Notable urban and suburban areas include Sidi Abdellah and Hydra. Major commercial and industrial zones are located in Reghaïa and Ouled Hedadj. The metropolitan area is also home to key maritime trade infrastructure, including the Port of Algiers and the planned Port of El Hamdania.

==Sétif–Constantine Metropolitan Area==

The Sétif–Constantine Metropolitan Area includes seven provinces: Sétif, Béjaïa, Bordj Bou Arréridj, Mila, Constantine, Skikda, and Annaba. It covers an area of approximately 24,946 km^{2} and had a population of 6,238,698. Current estimates suggest the population may be closer to 8 million.

The region is connected by a national rail system, and major cities such as Constantine and Sétif have operational tramway networks. Tramway projects are also planned for Béjaïa and Annaba.

This metropolitan area hosts several of the largest commercial and industrial zones in North Africa, including El Eulma, Chelghoum Laïd, El Hadjar, and Akbou. Major urban centers include Sétif city, Constantine city, El Khroub, Béjaïa, and Annaba.
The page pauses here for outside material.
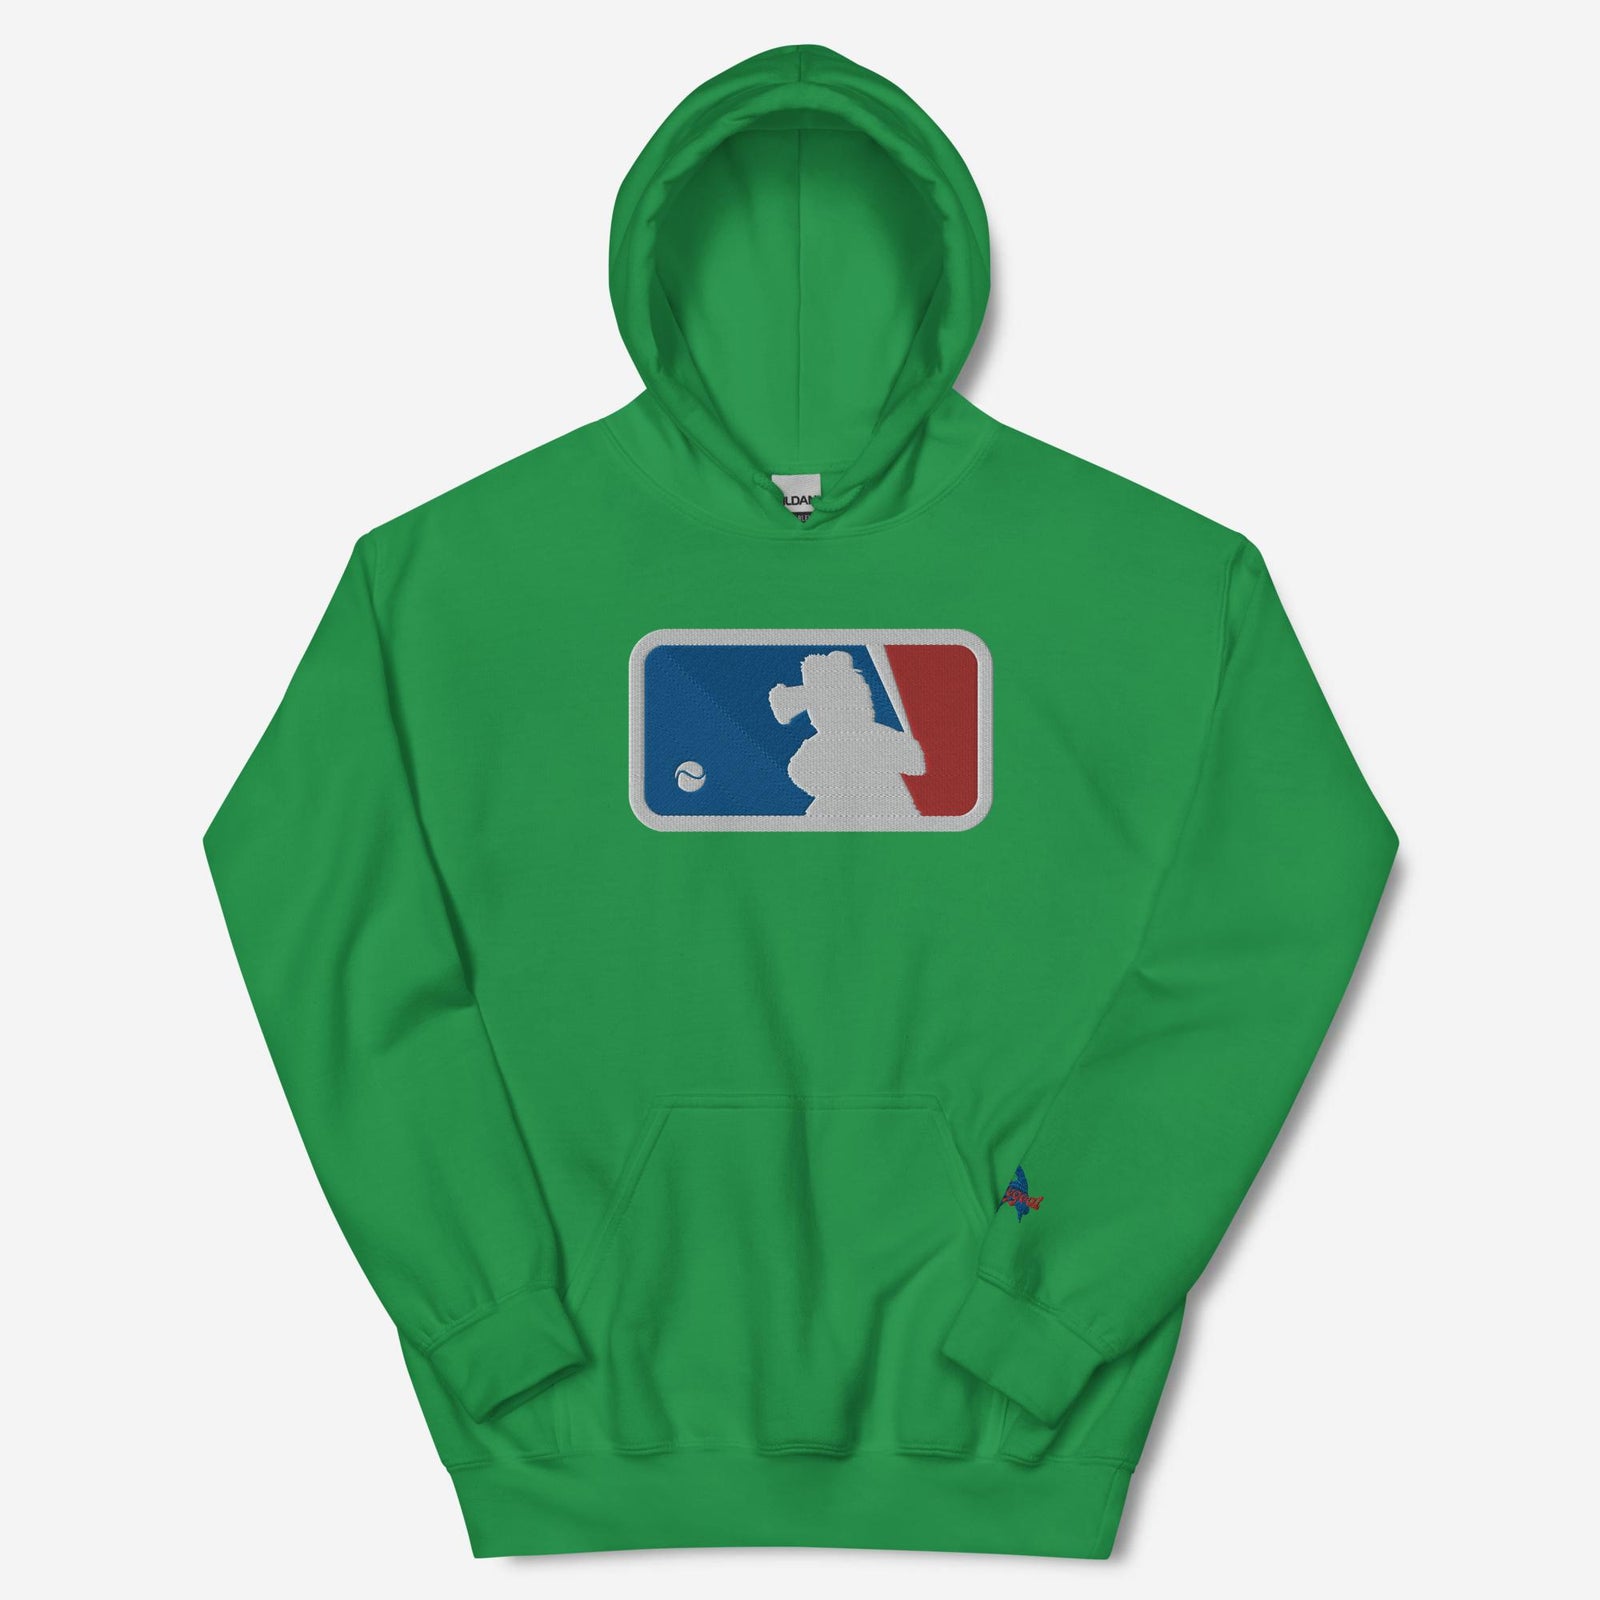 "Major Baseball Phan" Embroidered Hoodie

The area also encompasses important agricultural zones, particularly in Béjaïa and Bordj Bou Arréridj.

Key maritime ports serving the region include the Port of Béjaïa, Port of Annaba, and Port of Skikda.

==Oran Metropolitan Area==

The Oran Metropolitan Area comprises seven provinces: Oran, Aïn Témouchent, Mostaganem, Tlemcen, Sidi Bel Abbès, Mascara, and Relizane. It covers a total area of 35,643 km^{2} and had a population of approximately 5,757,096, with estimates indicating a population nearing 7 million.

The region is served by a high-speed rail line linking Oran, Sidi Bel Abbès, and Tlemcen, as well as modern rail connections between other provinces. Tramway systems are currently operational in Oran, Sidi Bel Abbès, and Mostaganem. Expansion projects are planned for Mascara, Relizane, and Tlemcen.

Notable urban and suburban centers include Oran city, Sidi Bel Abbès, Tlemcen, and Mostaganem. The area includes major industrial zones such as Es Sénia, Tafraoui, Hassi Mamèche, and Sig.

The region is also home to several key maritime ports, including the Port of Oran, Port of Mostaganem, Port of Ghazaouet, and Port of Béni Saf. Significant agricultural activity takes place in Mascara, Relizane, and the eastern parts of Mostaganem.